Recent work shows how to use local spatio-temporal features to learn models of realistic human actions from video. However, existing methods typically rely on a predefined spatial binning of the local descriptors to impose spatial information beyond a pure "bag-of-words" model, and thus may fail to capture the most informative space-time relationships. We propose to learn the shapes of space-time feature neighborhoods that are most discriminative for a given action category. Given a set of training videos, our method first extracts local motion and appearance features, quantizes them to a visual vocabulary, and then forms candidate neighborhoods consisting of the words associated with nearby points and their orientation with respect to the central interest point.

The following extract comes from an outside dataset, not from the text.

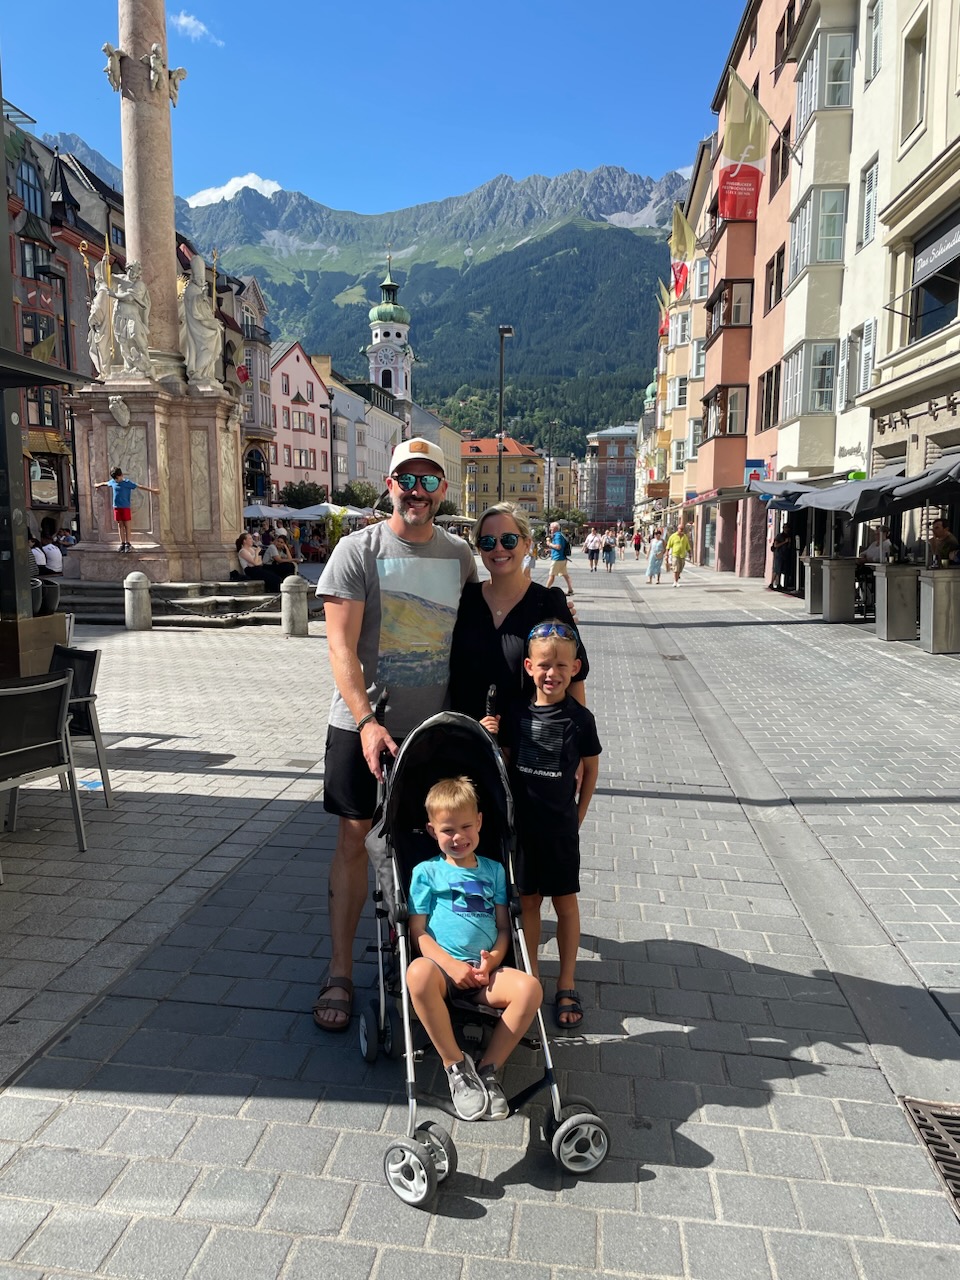 Family time in Germany! Mark Pritchard - State Farm Insurance Agent Atlanta (404)856-4950

Rather than dictate a particular scaling of the spatial and temporal dimensions to determine which points are near, we show how to learn the class-specific distance functions that form the most informative configurations. Descriptors for these variable-sized neighborhoods are then recursively mapped to higher-level vocabularies, producing a hierarchy of space-time configurations at successively broader scales. Our approach yields state-of-the-art performance on the UCF Sports and KTH datasets.
Figure 1: The most discriminative space-time neighborhoods of local descriptors (denoted by circles) may depend on the activity category. For example, for running (first row) a larger temporal extent and smaller spatial extent is most useful, whereas for swinging (second row), the reverse is true. The main idea of the proposed method is to learn class-specific vocabularies of variable-shaped space-time neighborhoods.
We use the HoG/HoF features described by Laptev et al. for our sparse features, extracted using the method by Laptev, and HoG3D for our densely sampled features (Kläser et al.). Then we form neighborhoods of these points, using each point as a center of a neighborhood. For each of the N nearest neighbors, we record its orientation with respect to the central point, as well as its correspondence to a "level-0" visual word (which was computed on the basic raw interest point level).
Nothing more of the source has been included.